Is Help to Buy Causing a Housing Bubble?

Written by Sam Jones on 05 May 2014.

We are pleased to see the latest data on Help to Buy proving positive for the housing market and showing aspects of the scheme are working. Help to Buy is the Government mortgage support programme.

Its primary aim is to aid people in buying their first homes and raising the right deposits.

The scheme is split into two parts.

The Scheme - Part 1

Firstly, Help to Buy 1 is available on new-build homes only and will offer borrowers a 20 per cent interest-free Government loan for five years.

The loan is accompanied by a 75 per cent bank loan, bringing the total deposit required to just 5 per cent.

The scheme began in April last year and has flown off the shelves with massive take-up from desperate first-time buyers.

It has been so successful that in the last year 74 people a day have accessed Treasury loans to get a mortgage.

The new figures  from the Department for Communities and Local Government show 2,929 borrowers bought homes through Help to Buy 1 in March.

In total 19,394 borrowers have benefitted from this type of support.

Indeed it has been so successful that the Government has extended the scheme’s end date from 2016 to the end of the decade, 2020.

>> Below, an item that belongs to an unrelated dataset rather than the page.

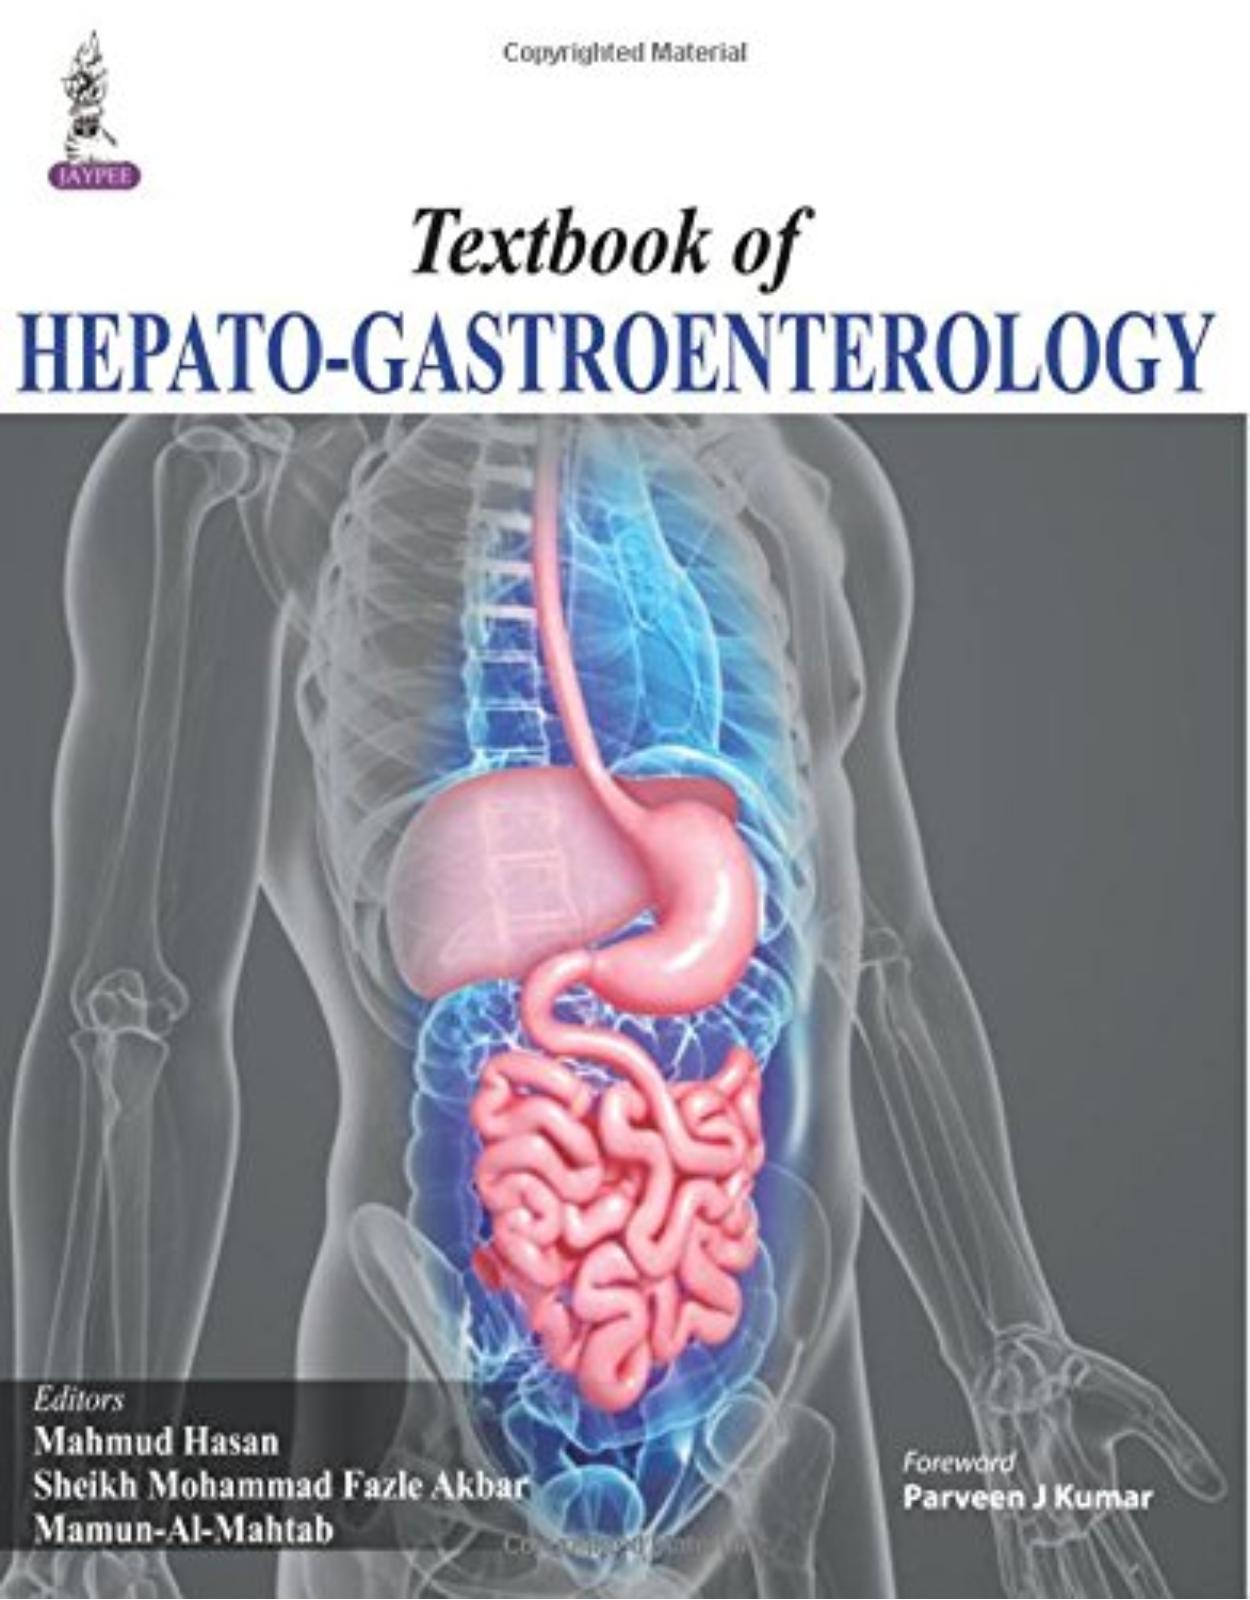 Textbook of Hepato-Gastroenterology

This has caused some alarm among sceptics who believe it is very difficult to stop Government schemes once they have started.

Fannie Mae and Freddie Mac were only meant to be temporary interventions in the US housing market in the 1930s but dominated the sector for the next 80 years.

Their role in the financial crisis was pivotal and many experts see a similar role with Help to Buy. For example, income tax was a only ever intended as a short-term tax to fund the Napoleonic wars but is now takes up nearly half of many people’s salaries.

The Scheme- Part 2

Many of the concerns around Help to Buy revolve around the second part of the scheme and we share the concern over possible future problems.

Help to Buy 2 allows anyone to buy any home worth up to £600,000 with a 5 per cent deposit, the only exceptions are foreign buyers and those looking to buy second homes.

It works by the Treasury backing up to 15 per cent of the loan. So the bank will offer a 95 per cent deal but the Treasury will insure up to 15 per cent.

This allows banks to carry less risk and lend on lower deposits helping more on to the housing ladder.

Economists have slammed the scheme for tipping the housing market into bubble territory when it is already performing strongly.

There is now double digit house price growth for the first time in four years as the market is growing faster than at any time since before the crash.

House prices are booming in certain areas of London and the south-east while the economy is growing strongly too.

We were delighted to see strong growth of 0.8 per cent in the first quarter of 2014 showing the recovery is well underway and resilient.

It is a tale of two Help to Buys and while both help borrowers in the short-term we are concerned they are artificially fuelling a bubble.